While it is important to be able to read and interpret individual papers, as we have noted previously the results of a single study are never going to provide the complete answer to a question. To move towards this we need to review the literature more widely. There can be a number of reasons for doing this, some of which require a more comprehensive approach than others. If the aim is simply to increase our personal understanding of a new area then a few papers might provide adequate background material. Traditional narrative reviews, which give less emphasis to complete coverage of the literature and tend to be more qualitative, have value for exploring areas of uncertainty or novelty, but it is harder to scrutinise them for flaws. In contrast, a major decision regarding policy or practice should be based on a systematic review and perhaps a meta-analysis of all the relevant literature and it is this systematic approach that we will focus on here.

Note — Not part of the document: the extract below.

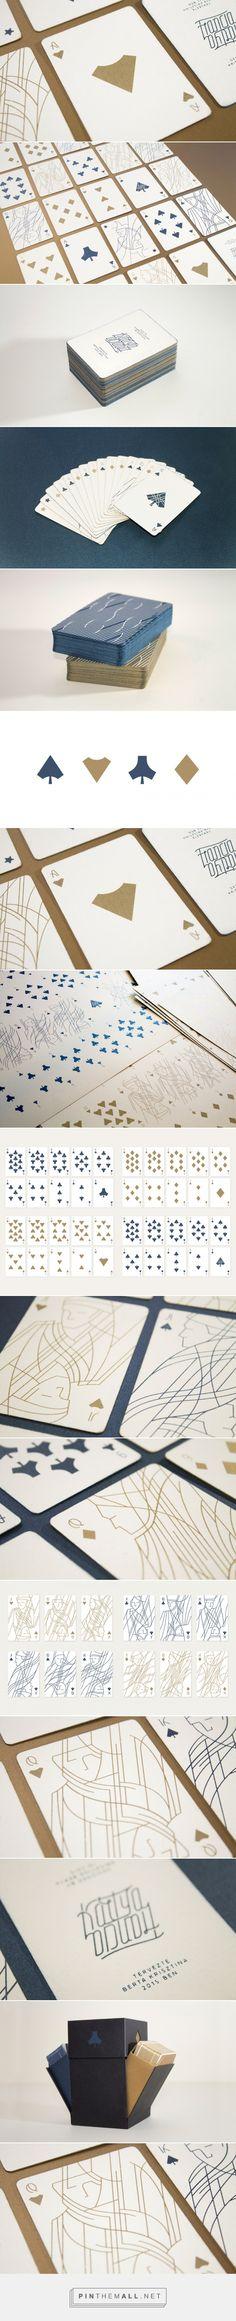 Cartes à jouer épurées par Krisztina Berta - Blog Esprit Design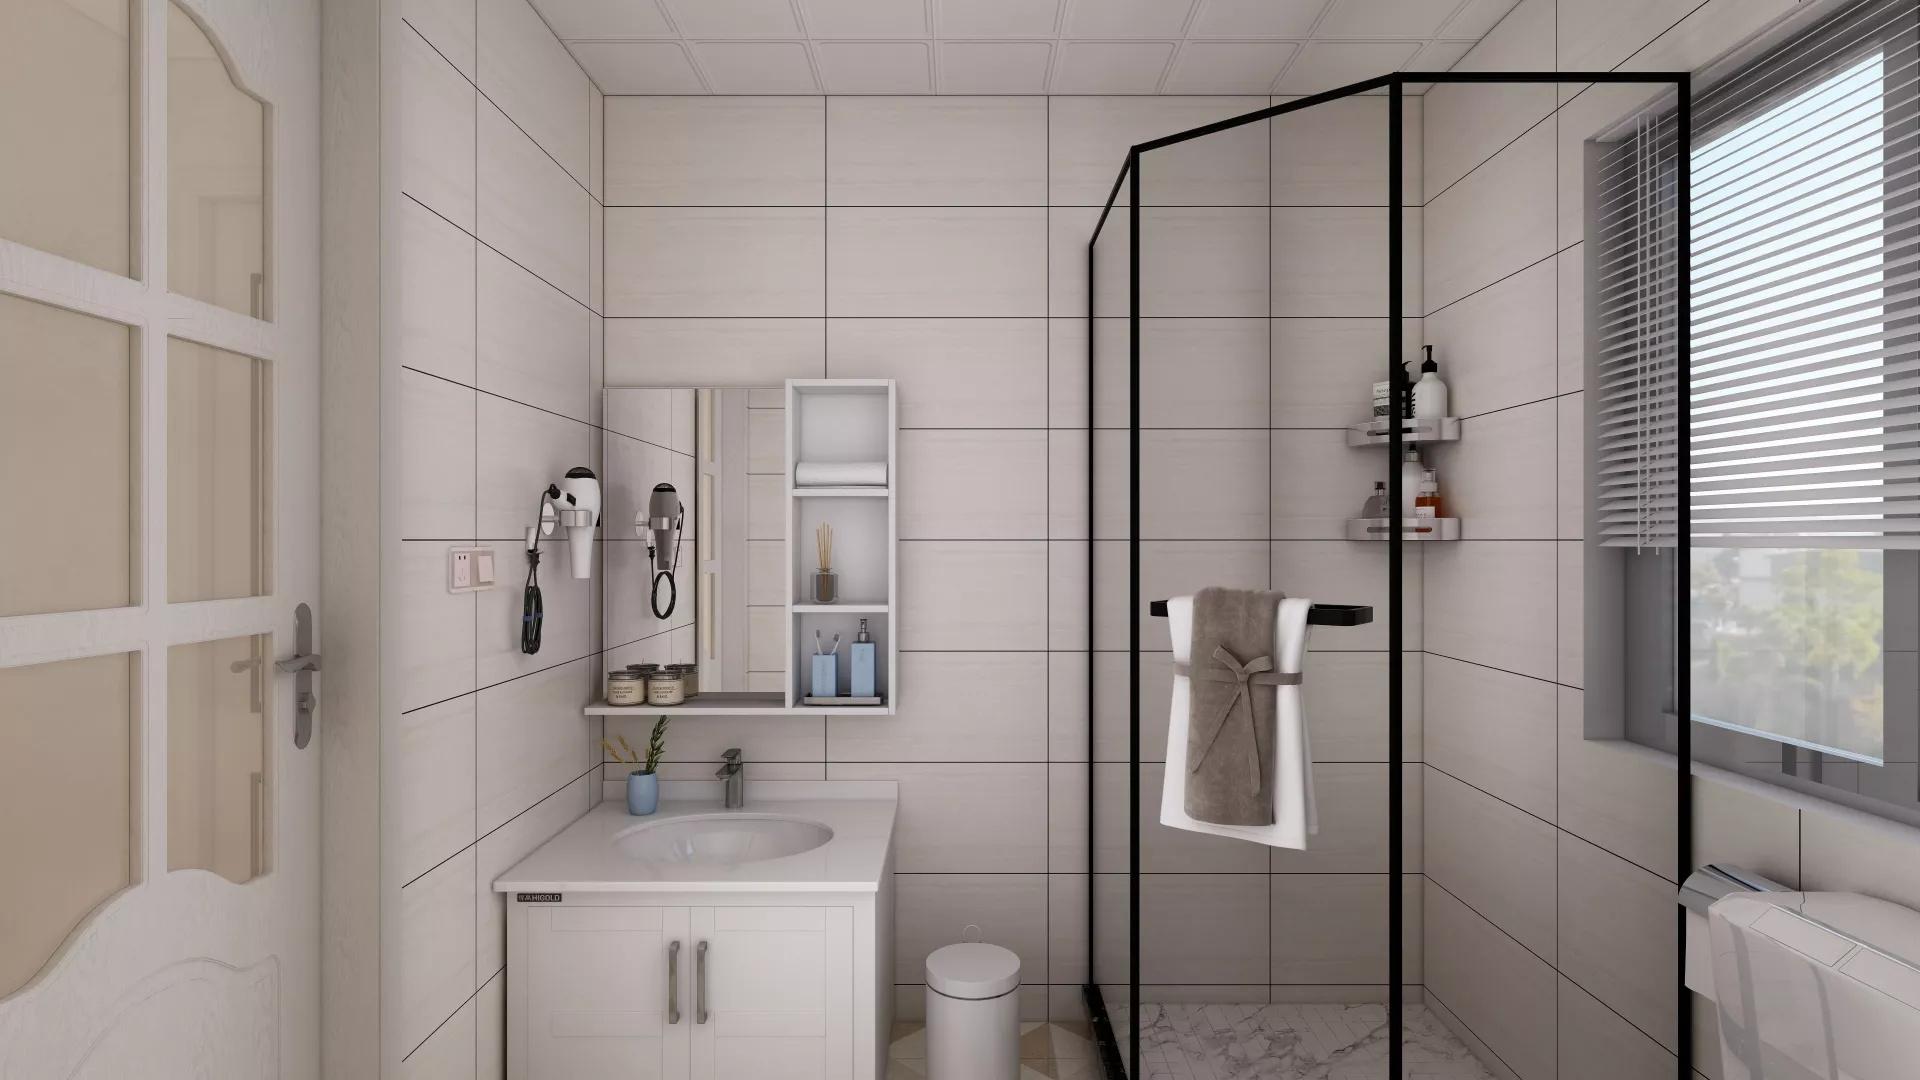 德立淋浴房简介 德立淋浴房价格贵不贵

What is a systematic review?

A systematic review should be a helpful synthesis of all of the relevant data – highlighting patterns but not hiding differences. Although its primary data units are whole studies rather than individuals, it should still have a clearly formulated research question and be conducted with the same rigour as its component studies. So how should we go about conducting a systematic review? This is a major undertaking and excellent guidelines are widely available for would-be reviewers (see e.g. the Cochrane Collaboration website www.cochrane.org) so we will not attempt to cover all of the issues here. But, in brief, it involves:

  • • identifying all potentially relevant primary research studies that address the question of interest and including or excluding them according to predetermined criteria;

  • • abstracting the data in a standard format and critically appraising the included studies;

  • • summarising the findings of the studies, this might include a formal meta-analysis to combine the results of all of the studies into a single summary estimate; and

  • • an overall evaluation of the evidence with appropriate conclusions.